Did you fish in the main river or in a slough? Never thought about using a beetlespin.


----------



## lees way2 (Oct 7, 2007)

I hope ya kept all them bream. If I ever tried to throw one back my mom would have a fit,she loves her some fly bream.


----------



## jcoss15 (Oct 11, 2010)

I was using a 1/8 oz beetle spin, fishing the main river, and yes I threw everything back.

I make up all my spins, I like a pink or chartreuse 1/8 oz head, with a chartreuse grub and gold spinner. This combo has always been good for me on YR and BW...


----------



## sureicanfish (Sep 30, 2007)

Nice! I've got several beetles I've been wanting to try, reckon I will!


----------



## Jason (Oct 2, 2007)

Purty little bream!!! Even got a nominee to my foot thread!!!


----------



## Bodupp (Oct 3, 2007)

*Flier?*

That first bream pic - is that what they call a Flier? If it is, it's a BIG ONE!


----------



## Try'n Hard (Oct 23, 2008)

I call the first one a pumpkinseed - the second a red belly - probably not correct, just me


----------



## jcoss15 (Oct 11, 2010)

First one is a stumpknocker or spotted sunfish, second is red belly. Both are killer flathead bait!

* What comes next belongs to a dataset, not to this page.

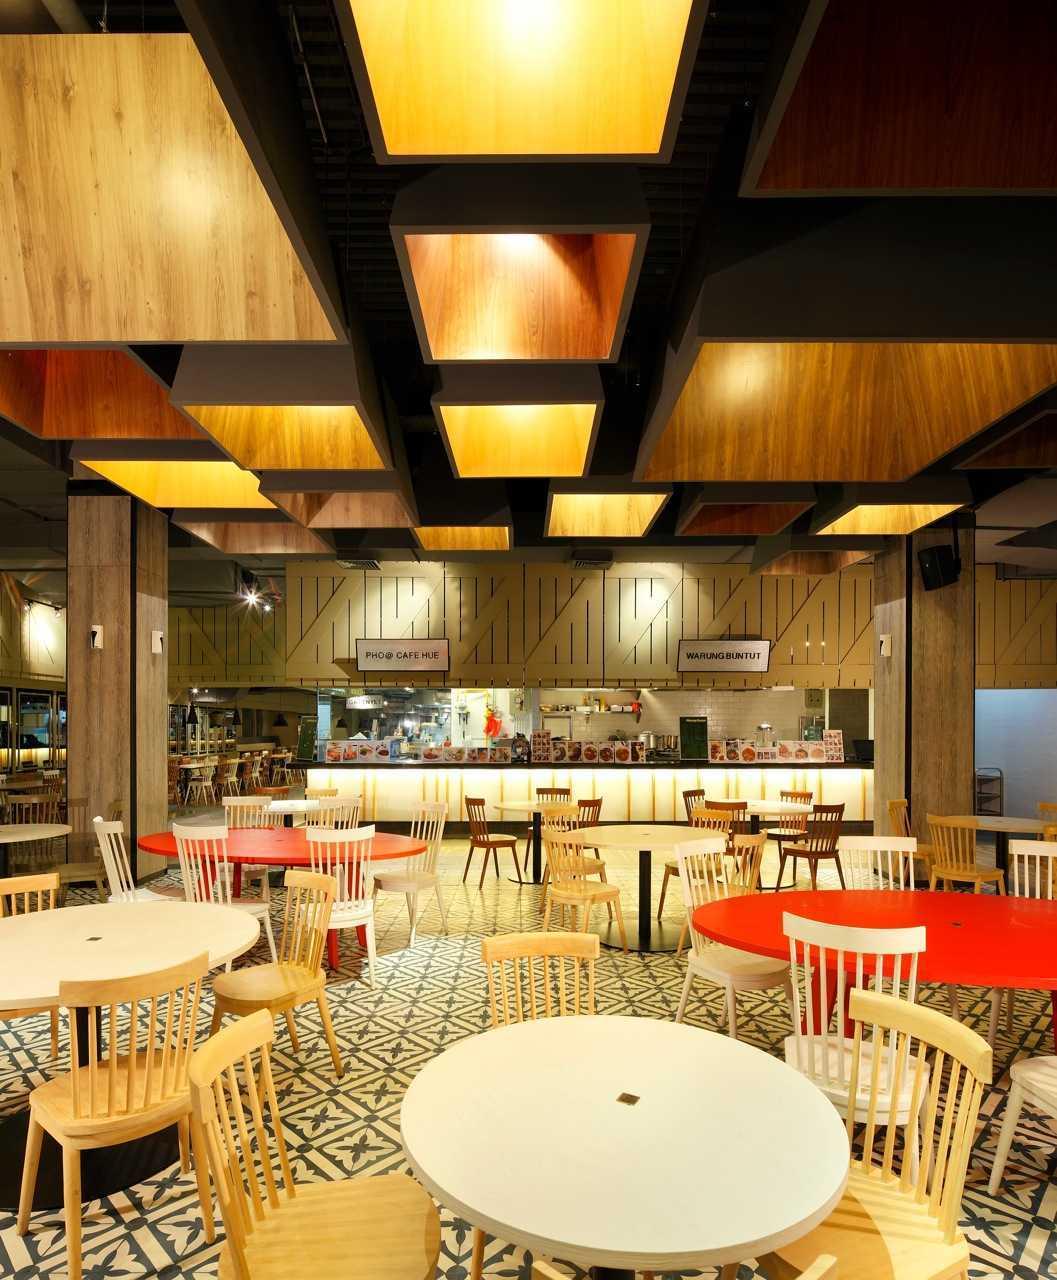 Ma-Ru Urban Kitchen  Plaza Indonesia Plaza Indonesia Seating Area Restaurant  15336
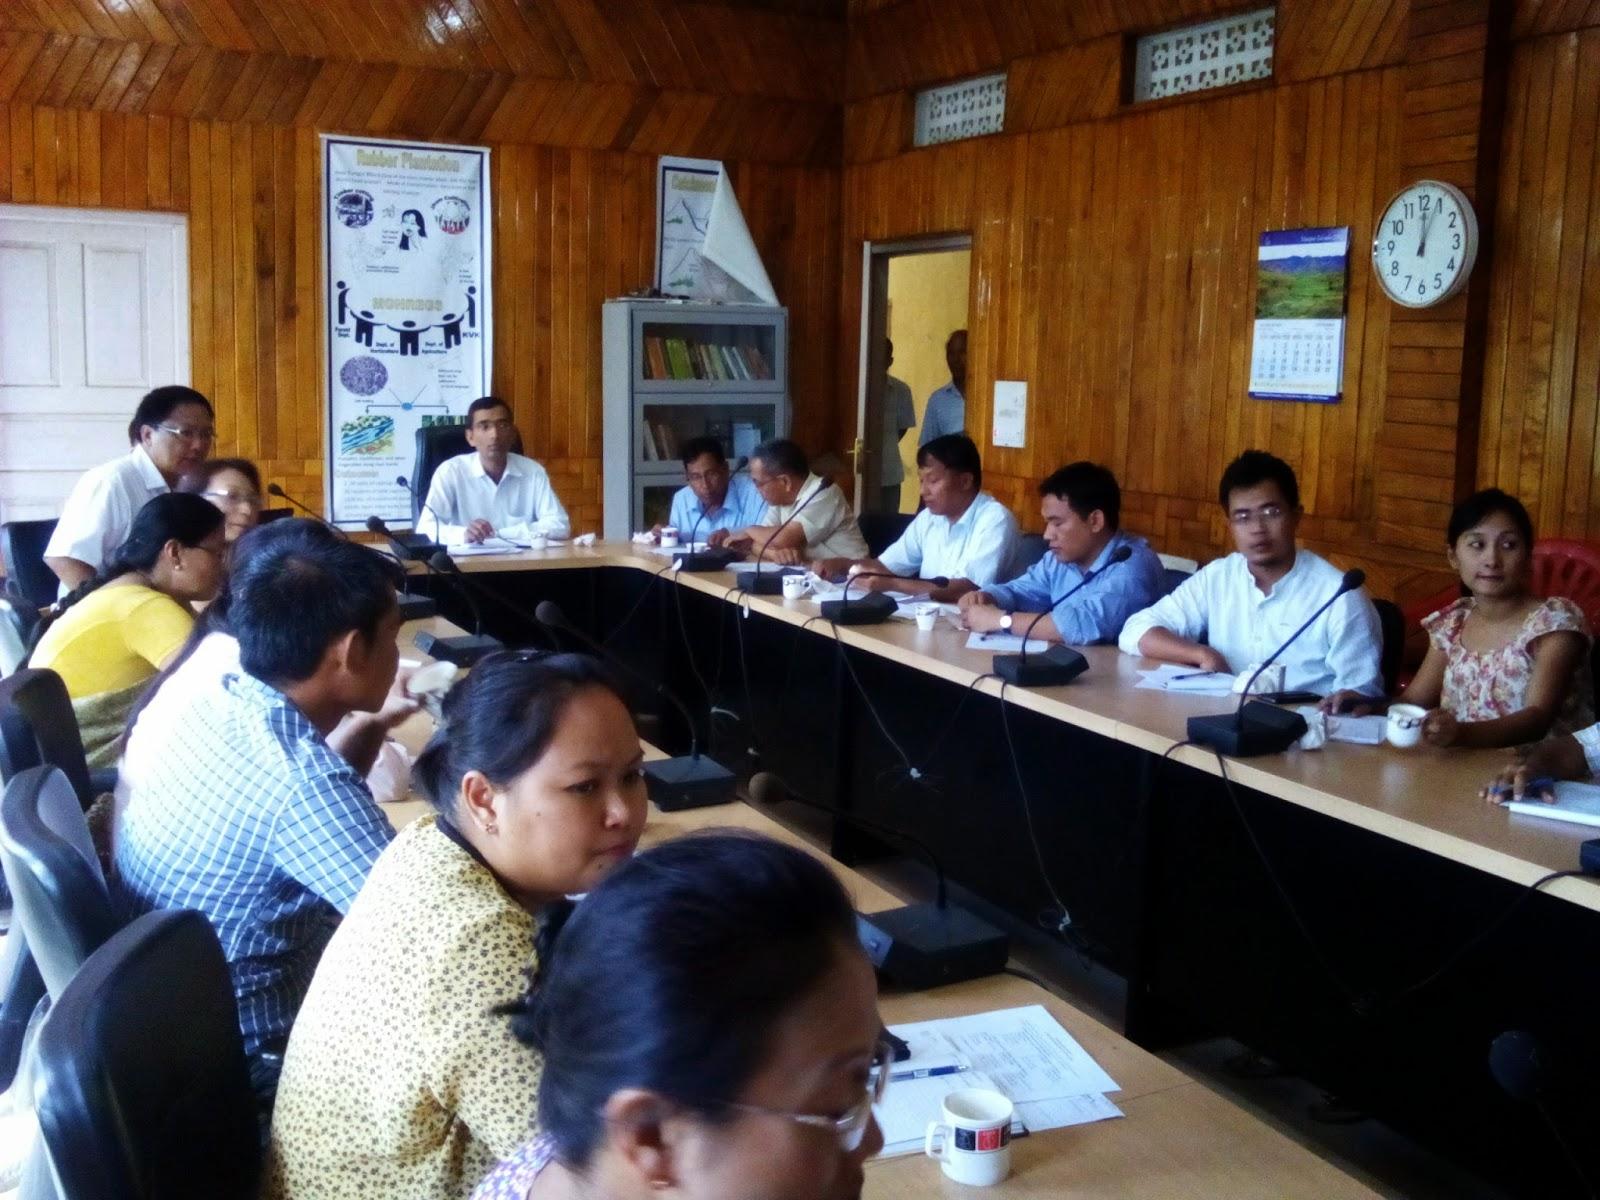 Manipur Express | September 3, 2014

http://myfwc.com/media/1527632/CITFISH_46.pdf


----------



## TFRIZZ30 (Jun 26, 2014)

Used to fish them in ponds how do you fish them on the river? What kind of spots do you look for?


----------



## jcoss15 (Oct 11, 2010)

TFRIZZ30 said:


> Used to fish them in ponds how do you fish them on the river? What kind of spots do you look for?


Anything and everything, it's really pretty easy fishing. Just get it as close to the bank, cover, logjam, grass etc. as possible. Then let it sink for a second, snap your rod to get the blades spinning and just reel it back varying your retrieve until you find out how they want it.

Sometimes they hit it on the fall, sometimes in the middle of the river, and sometimes as your picking it up out of the water, so in other words be ready for them to smash it. Beetle spinning really gets good as the summer picks up.


----------



## GatorBane (Jan 11, 2010)

Great info. Good stuff!


----------



## TFRIZZ30 (Jun 26, 2014)

Thanks for the info looking forward to giving it a shot. Loved catching perch on them up north.


----------